● SOURCE MATERIAL

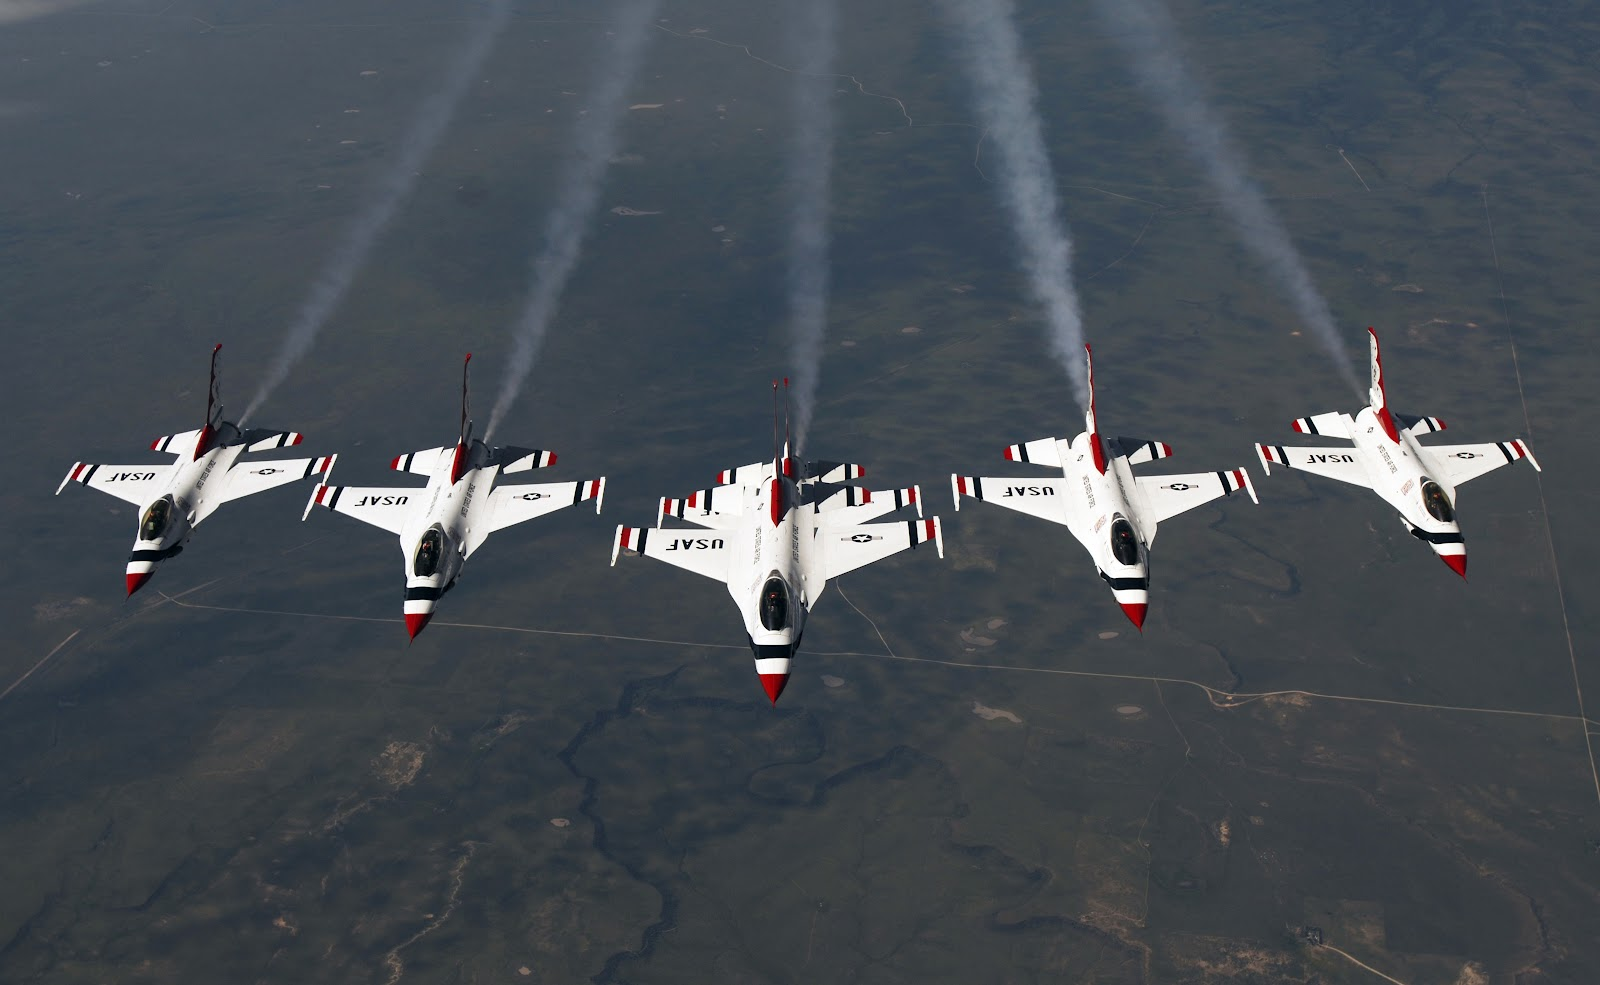 http://4.bp.blogspot.com/-RMEfsGoB3ig/T6E8W5ziCiI/AAAAAAAAIBw/chkT5AekM_I/s1600/f16_falcon_thunderbird_formation.jpg
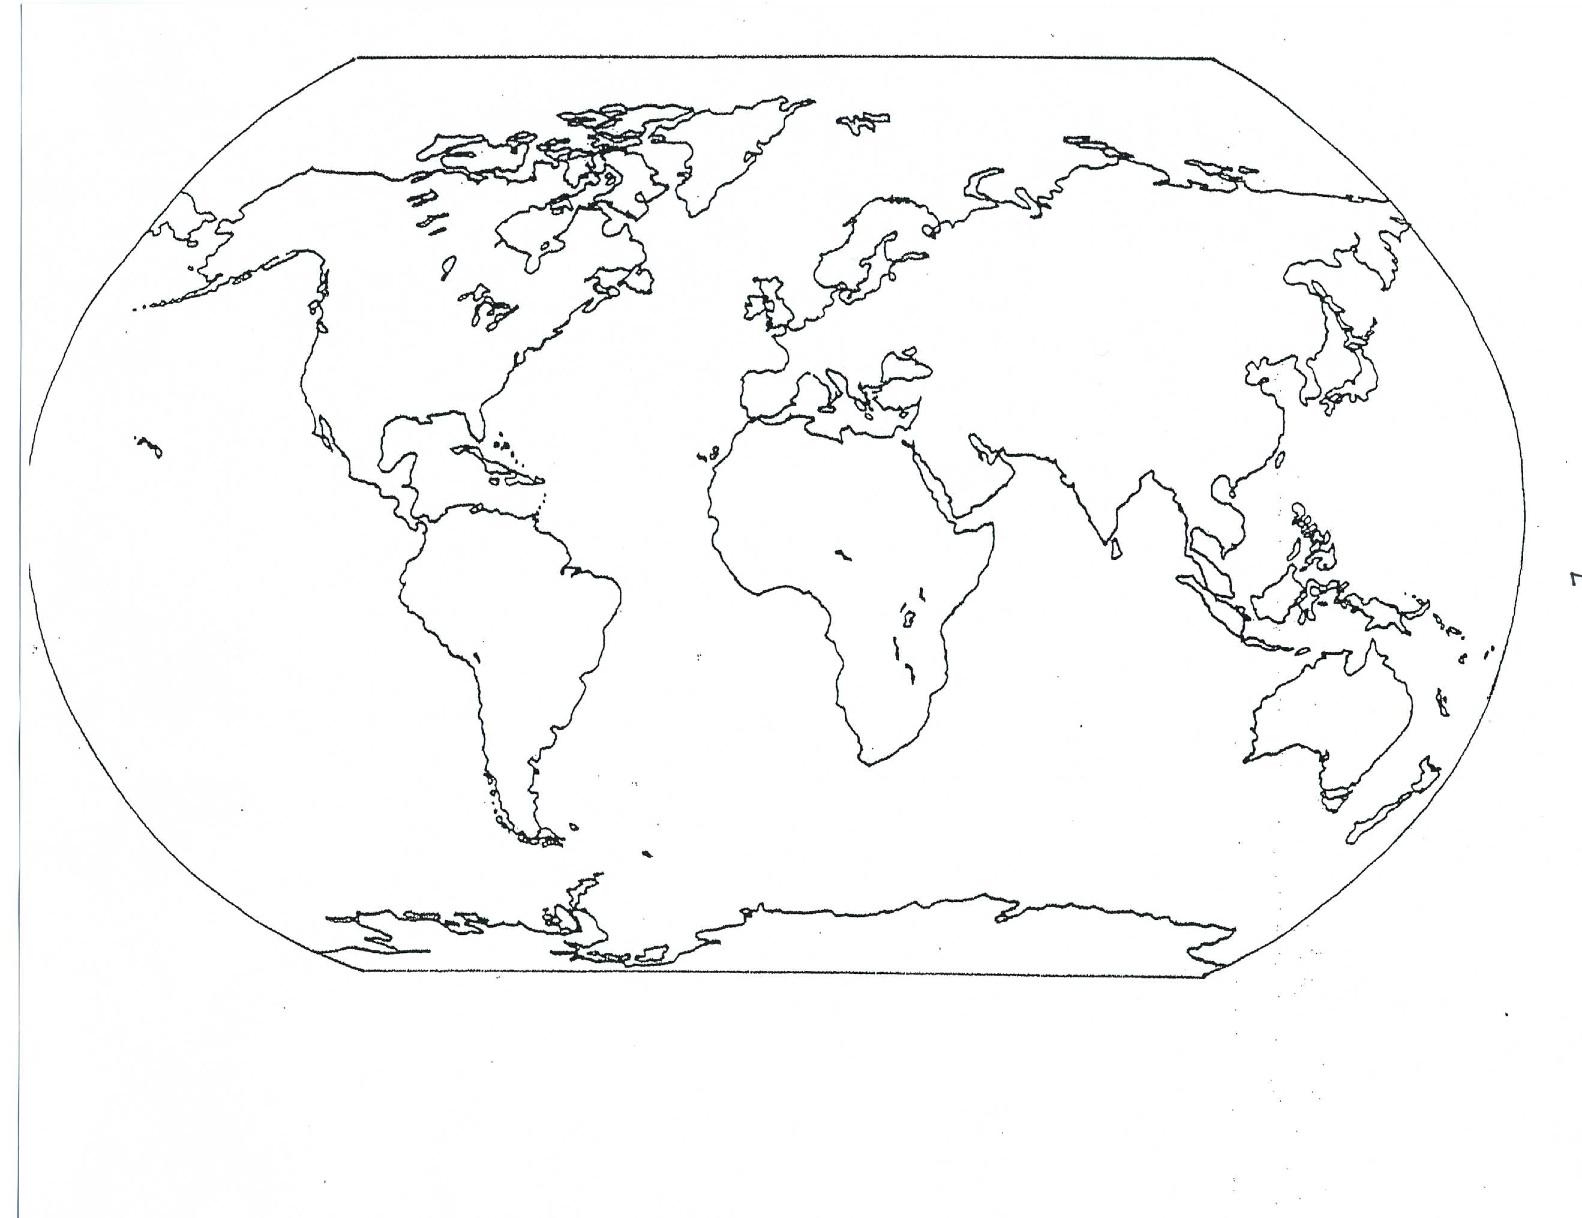 Blank Map Of Continents Blank Map Of Continents And Oceans   Laserexcellence Blank Map Of Continents
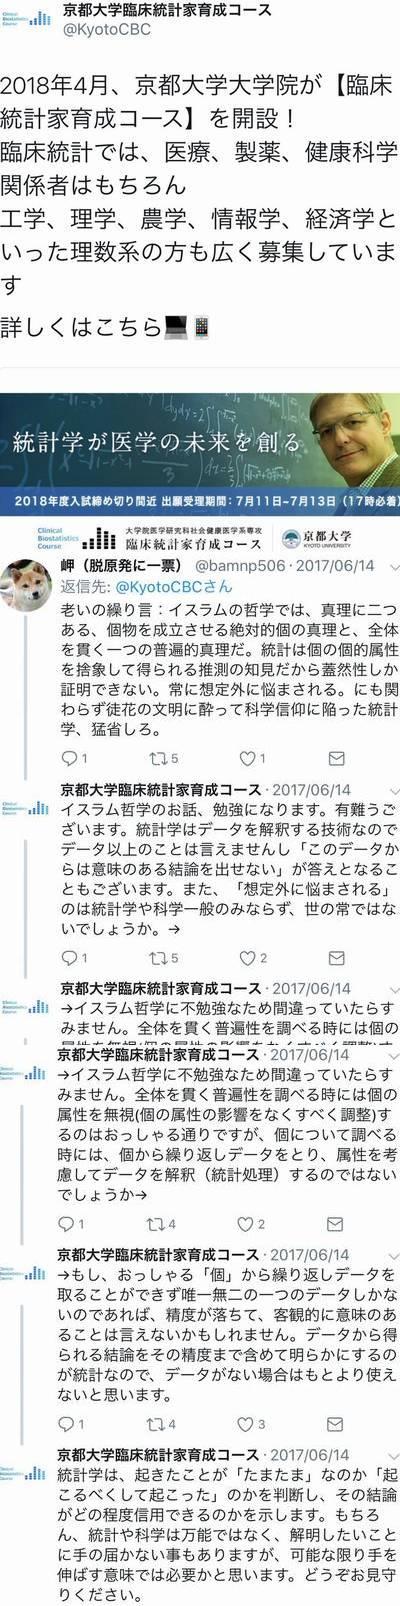 京大大学院 脱原発 オーバーキル
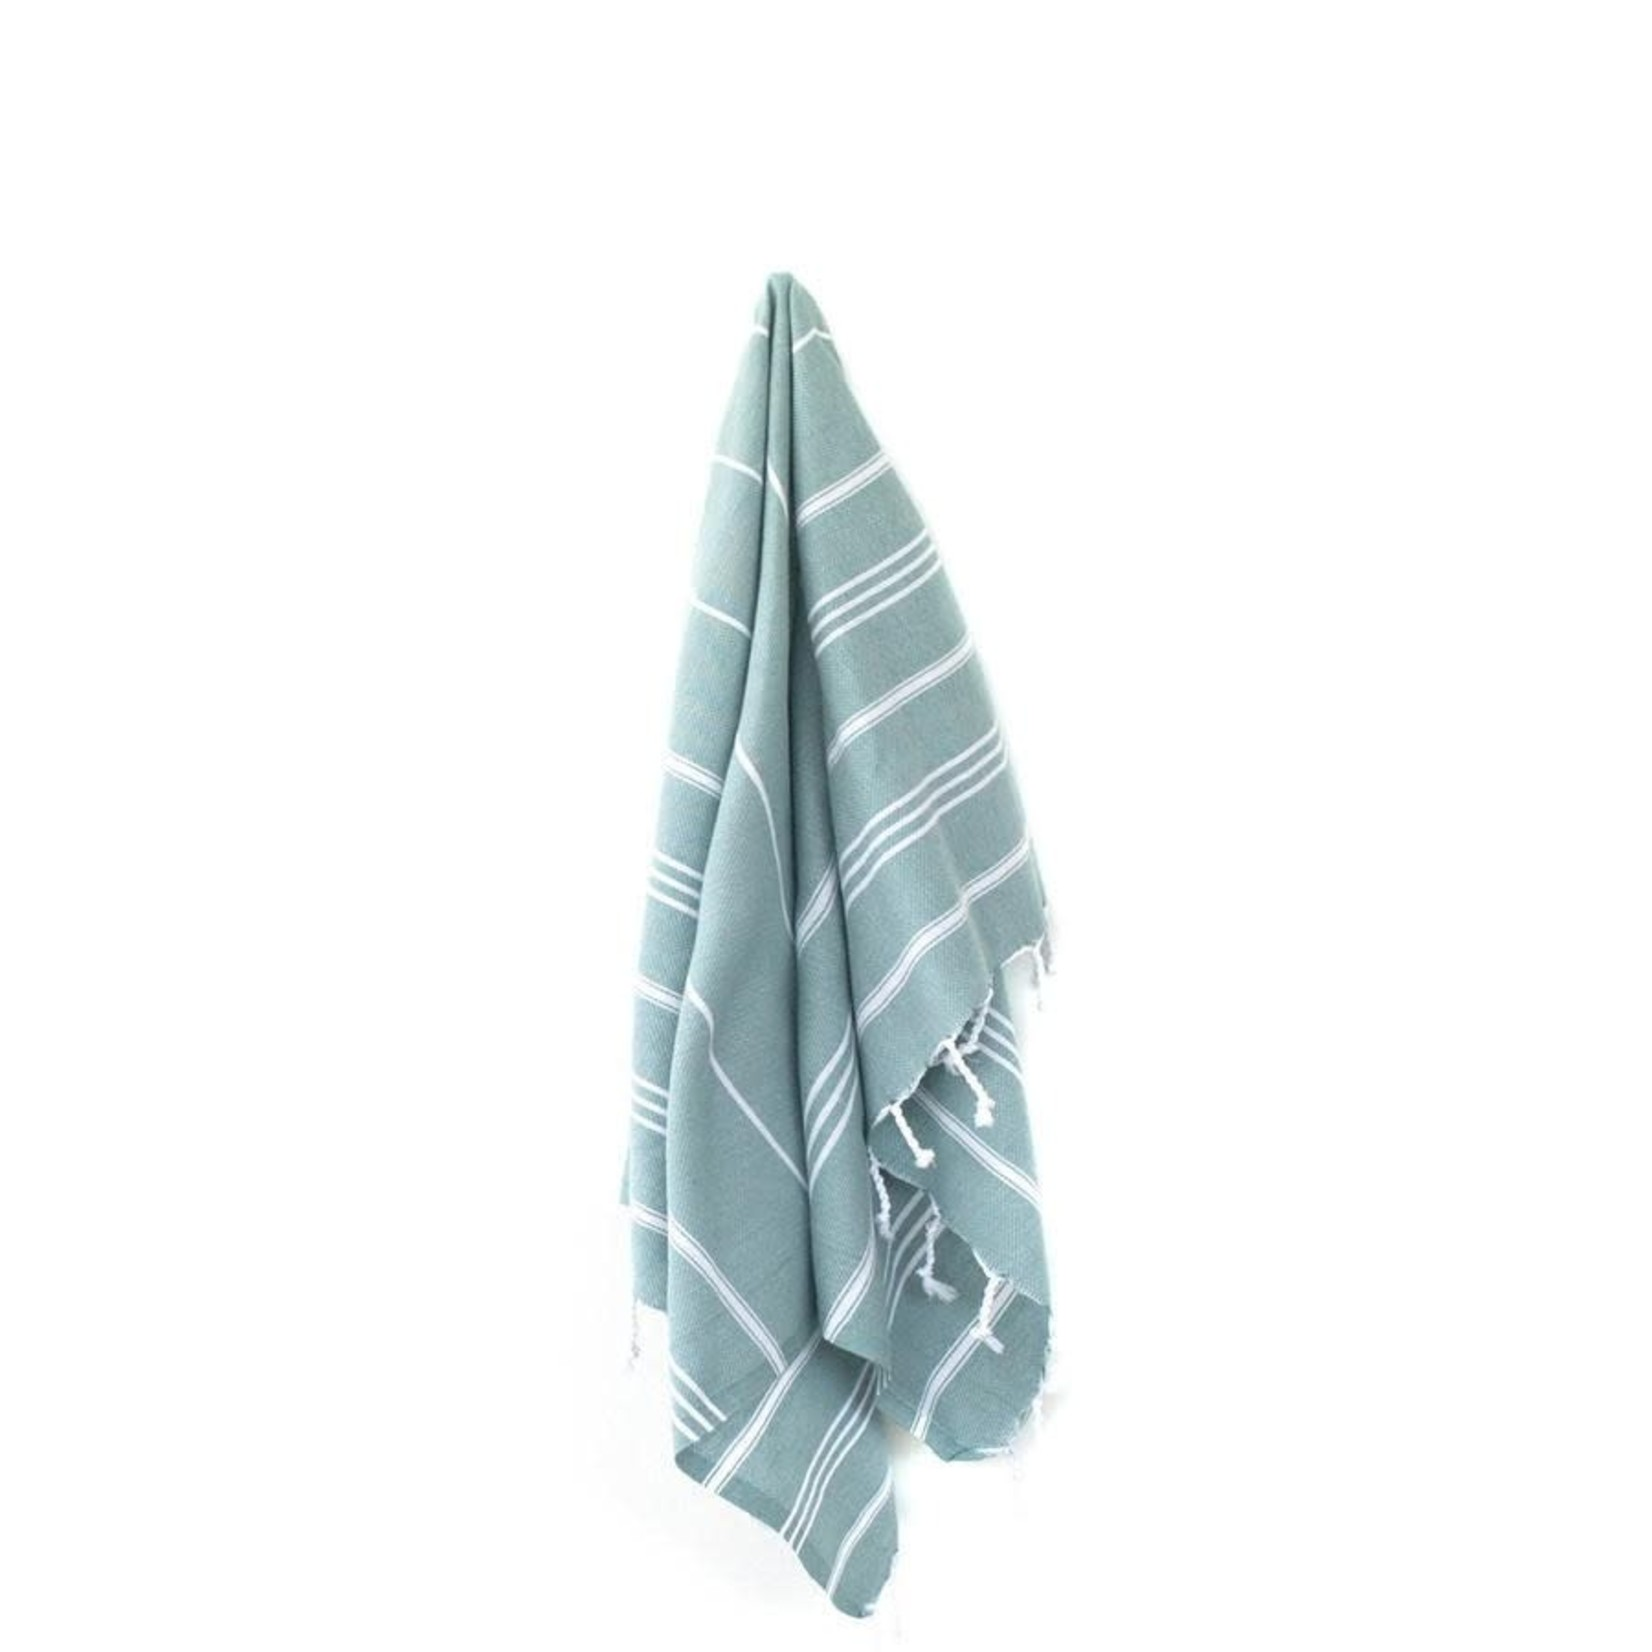 MARIN SMALL TOWEL - GREEN
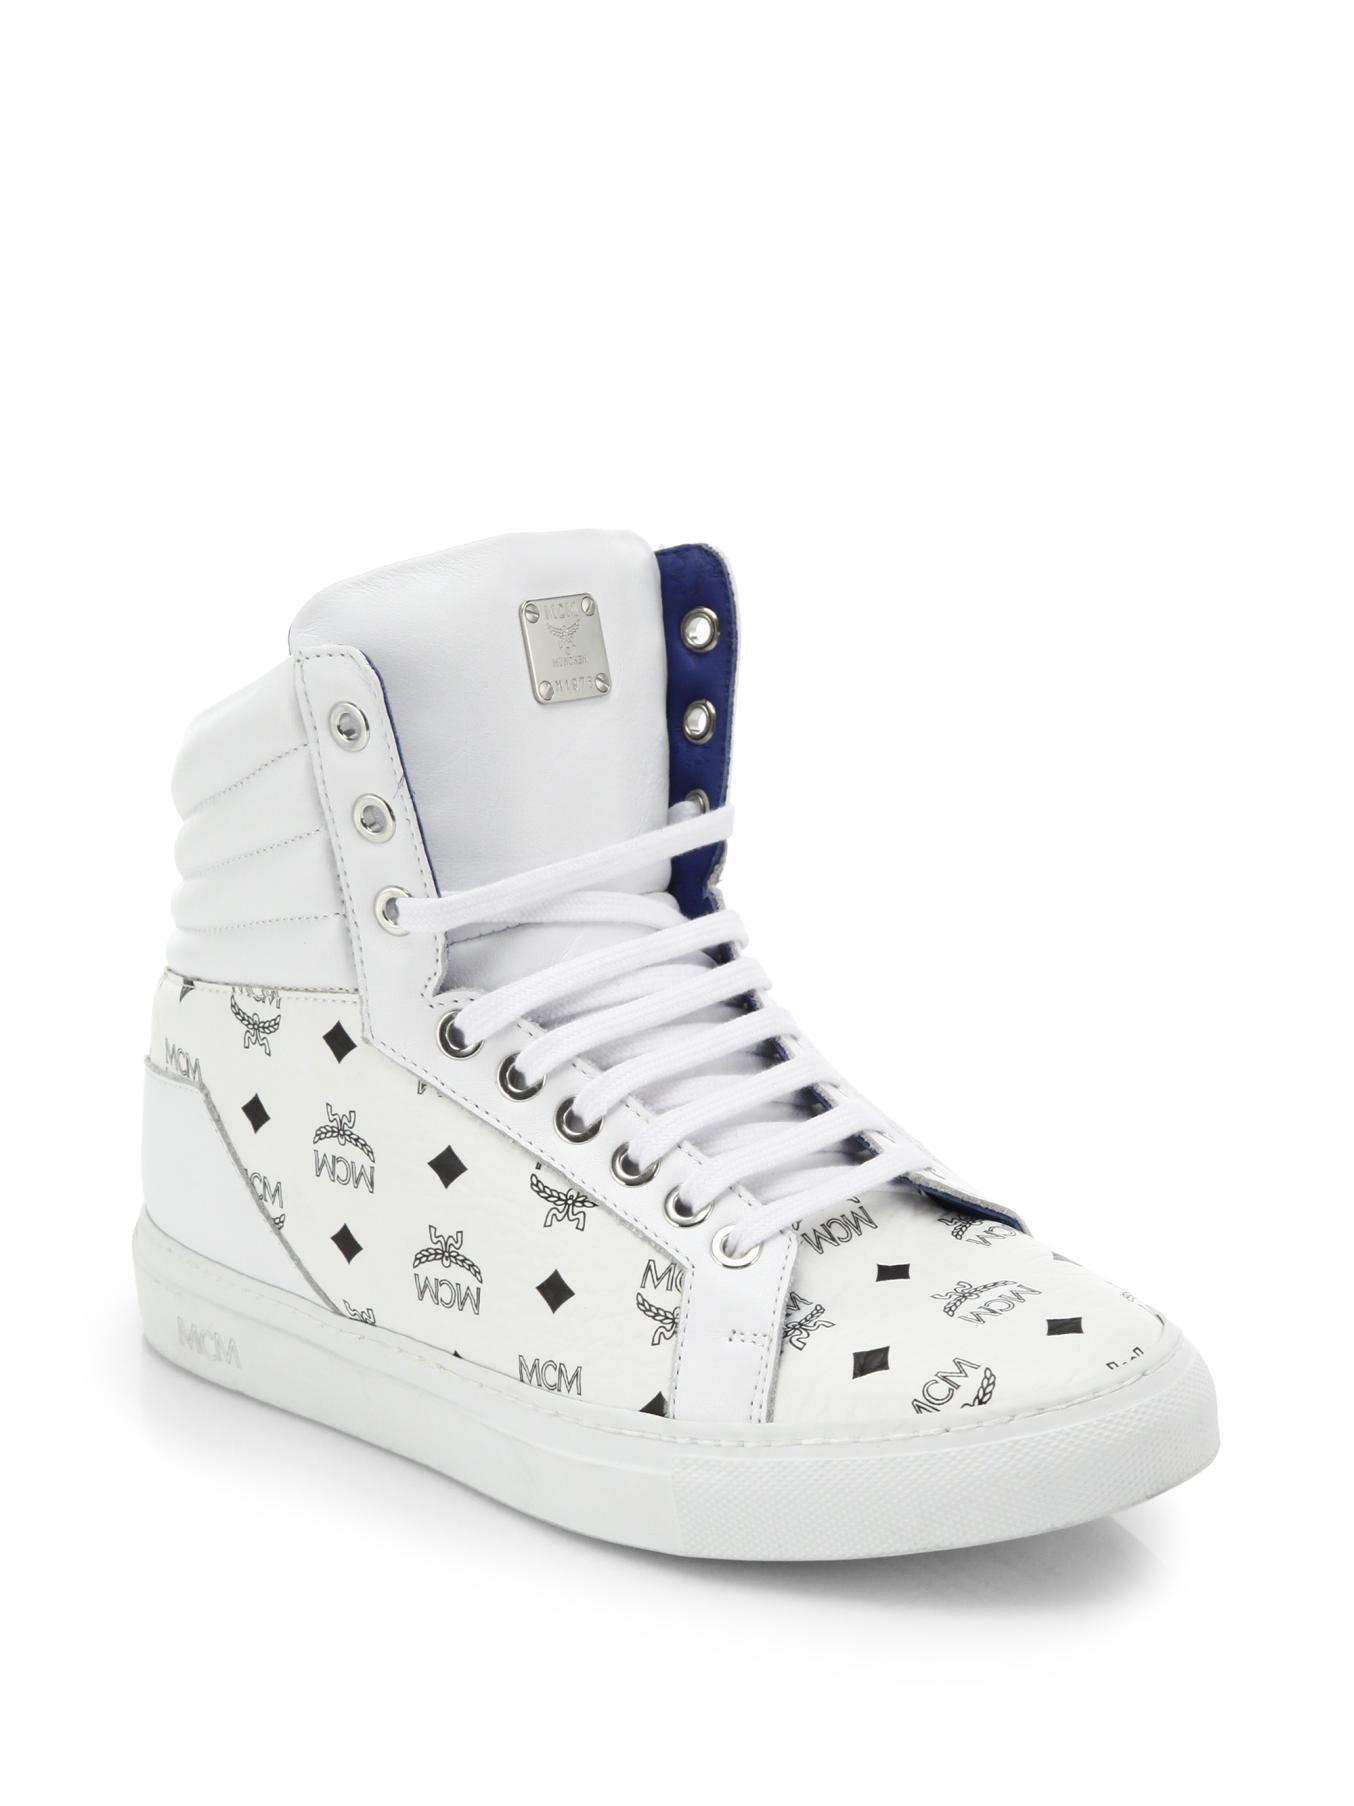 mcm shoes for sale mcm wallet

● WORK TO COMPLETE
Each entry above should be copied word for word, with the images omitted.

● WRITTEN SOLUTION
 http://4.bp.blogspot.com/-RMEfsGoB3ig/T6E8W5ziCiI/AAAAAAAAIBw/chkT5AekM_I/s1600/f16_falcon_thunderbird_formation.jpg
 Blank Map Of Continents Blank Map Of Continents And Oceans   Laserexcellence Blank Map Of Continents
 京大大学院 脱原発 オーバーキル
 MARIN SMALL TOWEL - GREEN
 mcm shoes for sale mcm wallet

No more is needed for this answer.